EXERCISE DATA:
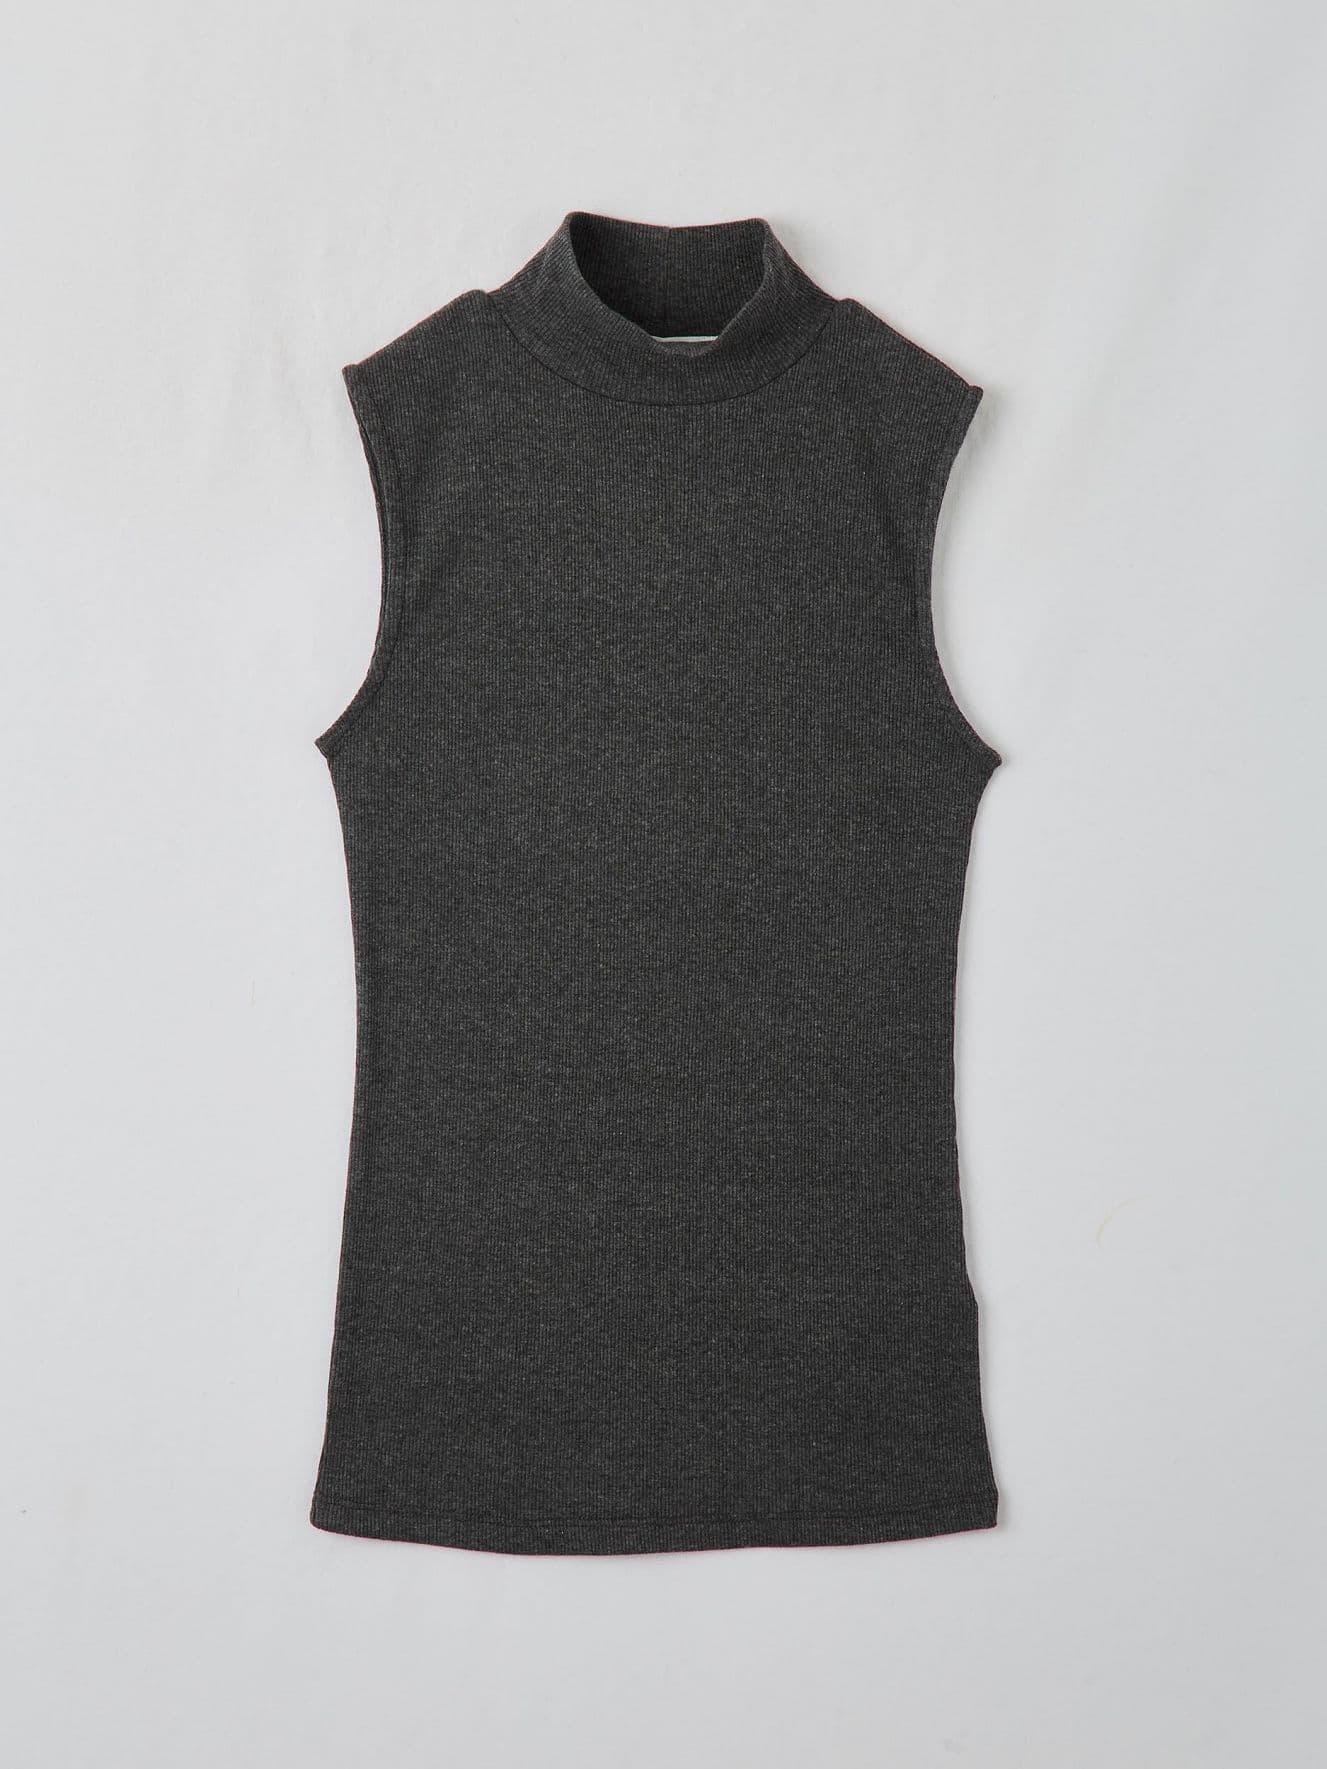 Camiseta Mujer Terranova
* * *
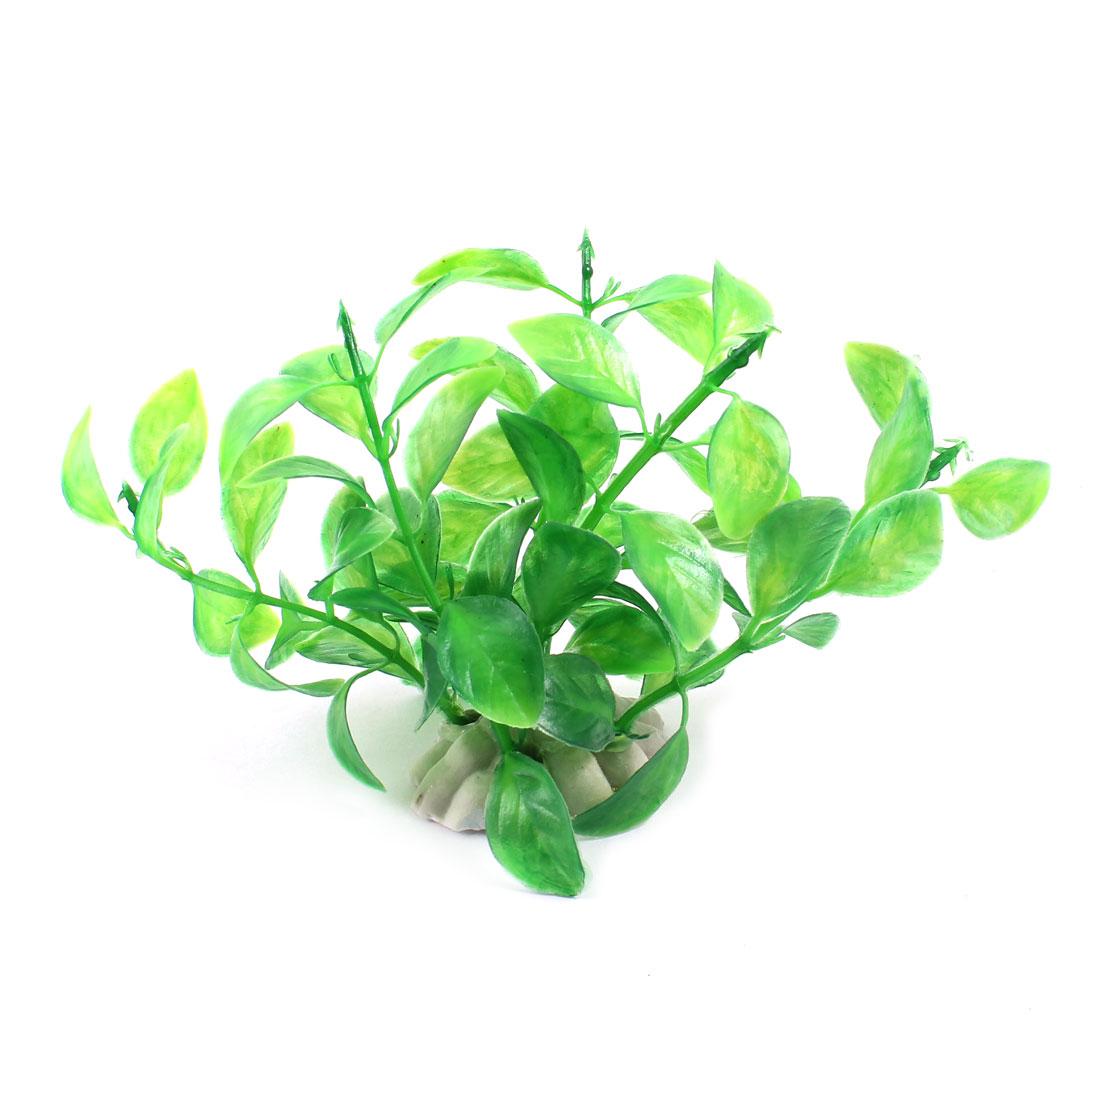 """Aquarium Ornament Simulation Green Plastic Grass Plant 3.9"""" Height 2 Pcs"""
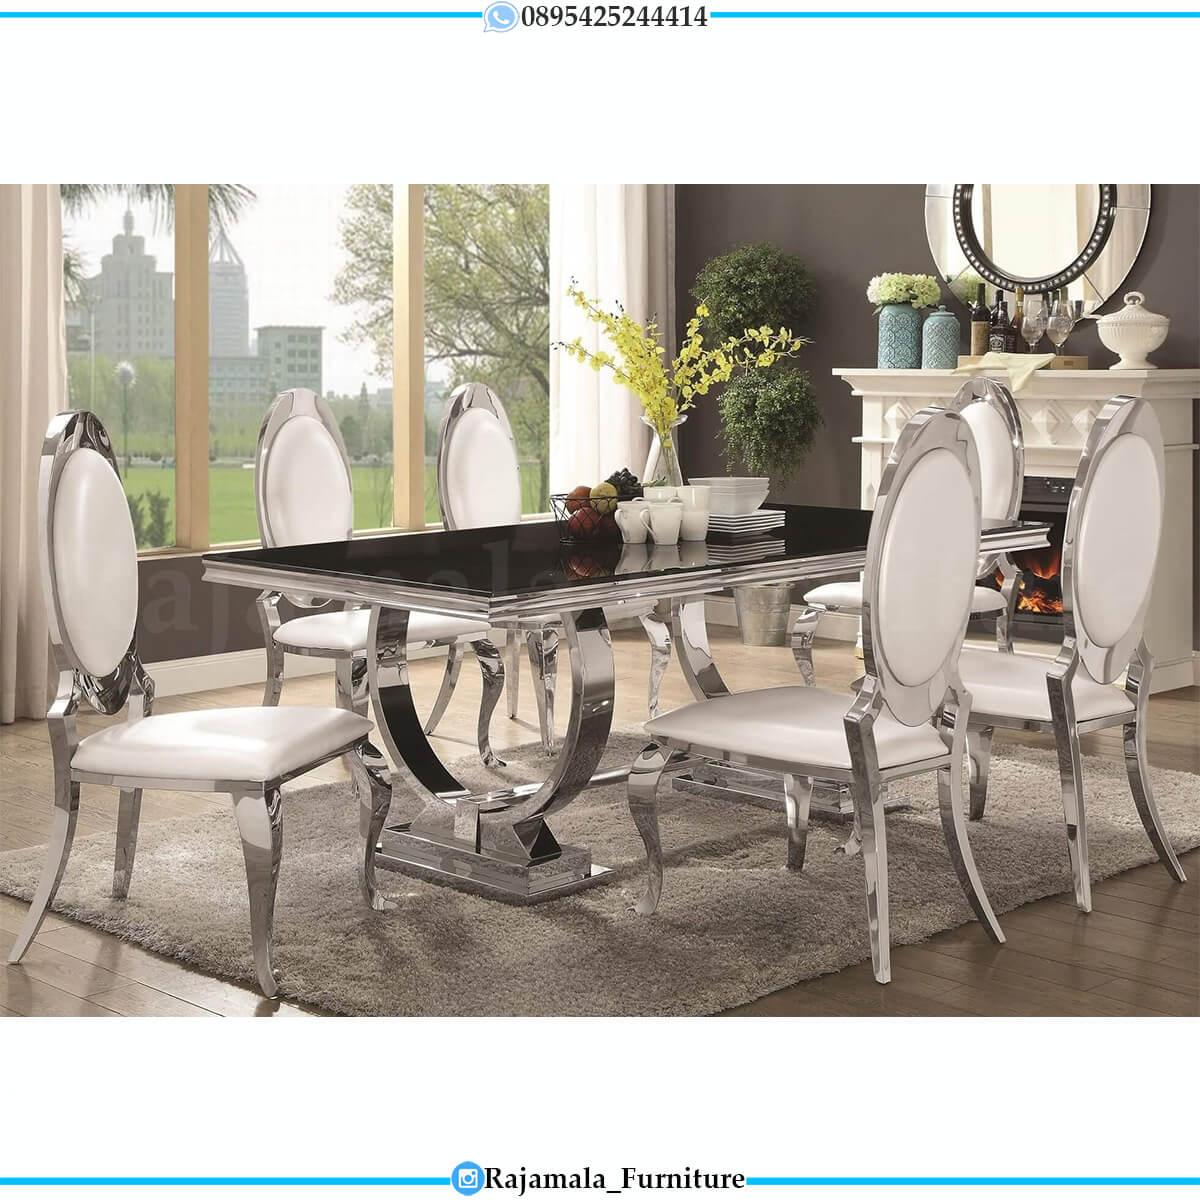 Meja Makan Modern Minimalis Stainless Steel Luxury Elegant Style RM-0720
...
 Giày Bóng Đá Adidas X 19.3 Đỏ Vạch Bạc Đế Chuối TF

INSTRUCTIONS TO FOLLOW:
In the listing above, find the line containing "Ornament Simulation Green" and the line containing "Meja Makan Modern", then output those two lines and everything between them exactly as written, without the images.

EXERCISE SOLUTION:
 """Aquarium Ornament Simulation Green Plastic Grass Plant 3.9"""" Height 2 Pcs"""
 Meja Makan Modern Minimalis Stainless Steel Luxury Elegant Style RM-0720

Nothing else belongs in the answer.